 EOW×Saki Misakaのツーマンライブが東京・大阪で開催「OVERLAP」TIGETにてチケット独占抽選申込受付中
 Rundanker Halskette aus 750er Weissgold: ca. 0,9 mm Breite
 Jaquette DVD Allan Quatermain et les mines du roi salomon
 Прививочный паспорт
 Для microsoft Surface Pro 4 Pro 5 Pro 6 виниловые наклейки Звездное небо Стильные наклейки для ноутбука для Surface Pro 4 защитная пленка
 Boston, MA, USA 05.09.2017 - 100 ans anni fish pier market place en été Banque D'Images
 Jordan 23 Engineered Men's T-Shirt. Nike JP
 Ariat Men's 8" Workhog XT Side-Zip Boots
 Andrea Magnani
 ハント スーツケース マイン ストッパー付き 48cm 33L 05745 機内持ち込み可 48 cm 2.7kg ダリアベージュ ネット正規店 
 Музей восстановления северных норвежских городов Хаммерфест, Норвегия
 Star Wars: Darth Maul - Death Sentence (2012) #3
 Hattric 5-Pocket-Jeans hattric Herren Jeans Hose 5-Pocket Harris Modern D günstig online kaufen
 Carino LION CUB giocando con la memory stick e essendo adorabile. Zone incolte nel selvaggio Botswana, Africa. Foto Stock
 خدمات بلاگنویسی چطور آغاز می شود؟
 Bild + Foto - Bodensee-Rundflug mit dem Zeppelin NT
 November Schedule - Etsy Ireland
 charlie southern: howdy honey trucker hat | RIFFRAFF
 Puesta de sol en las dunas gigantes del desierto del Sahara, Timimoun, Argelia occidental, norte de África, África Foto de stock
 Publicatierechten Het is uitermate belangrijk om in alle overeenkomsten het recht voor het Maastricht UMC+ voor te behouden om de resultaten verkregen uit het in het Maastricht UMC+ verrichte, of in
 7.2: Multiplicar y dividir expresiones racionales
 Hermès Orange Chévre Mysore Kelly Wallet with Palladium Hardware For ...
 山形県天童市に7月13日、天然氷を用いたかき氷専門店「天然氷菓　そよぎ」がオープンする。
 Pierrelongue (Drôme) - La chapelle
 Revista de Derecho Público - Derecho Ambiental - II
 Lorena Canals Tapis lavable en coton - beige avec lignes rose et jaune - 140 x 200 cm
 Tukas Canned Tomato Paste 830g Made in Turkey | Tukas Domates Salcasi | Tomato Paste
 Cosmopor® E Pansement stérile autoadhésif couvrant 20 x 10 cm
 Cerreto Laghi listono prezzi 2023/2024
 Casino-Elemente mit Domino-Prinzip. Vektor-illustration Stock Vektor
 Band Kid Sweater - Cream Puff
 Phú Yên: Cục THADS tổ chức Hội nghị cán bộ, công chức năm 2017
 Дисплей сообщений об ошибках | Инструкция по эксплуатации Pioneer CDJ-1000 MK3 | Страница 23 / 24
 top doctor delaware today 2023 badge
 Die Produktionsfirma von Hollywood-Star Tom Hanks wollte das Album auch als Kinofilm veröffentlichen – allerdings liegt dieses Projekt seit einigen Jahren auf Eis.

- - - - - - -

• What the exercise asks
Starting with the line that holds "Hattric 5-Pocket-Jeans hattric" and ending with the line that holds "charlie southern: howdy", retype every line in the data above exactly, and nothing else.

• Written reply
 Hattric 5-Pocket-Jeans hattric Herren Jeans Hose 5-Pocket Harris Modern D günstig online kaufen
 Carino LION CUB giocando con la memory stick e essendo adorabile. Zone incolte nel selvaggio Botswana, Africa. Foto Stock
 خدمات بلاگنویسی چطور آغاز می شود؟
 Bild + Foto - Bodensee-Rundflug mit dem Zeppelin NT
 November Schedule - Etsy Ireland
 charlie southern: howdy honey trucker hat | RIFFRAFF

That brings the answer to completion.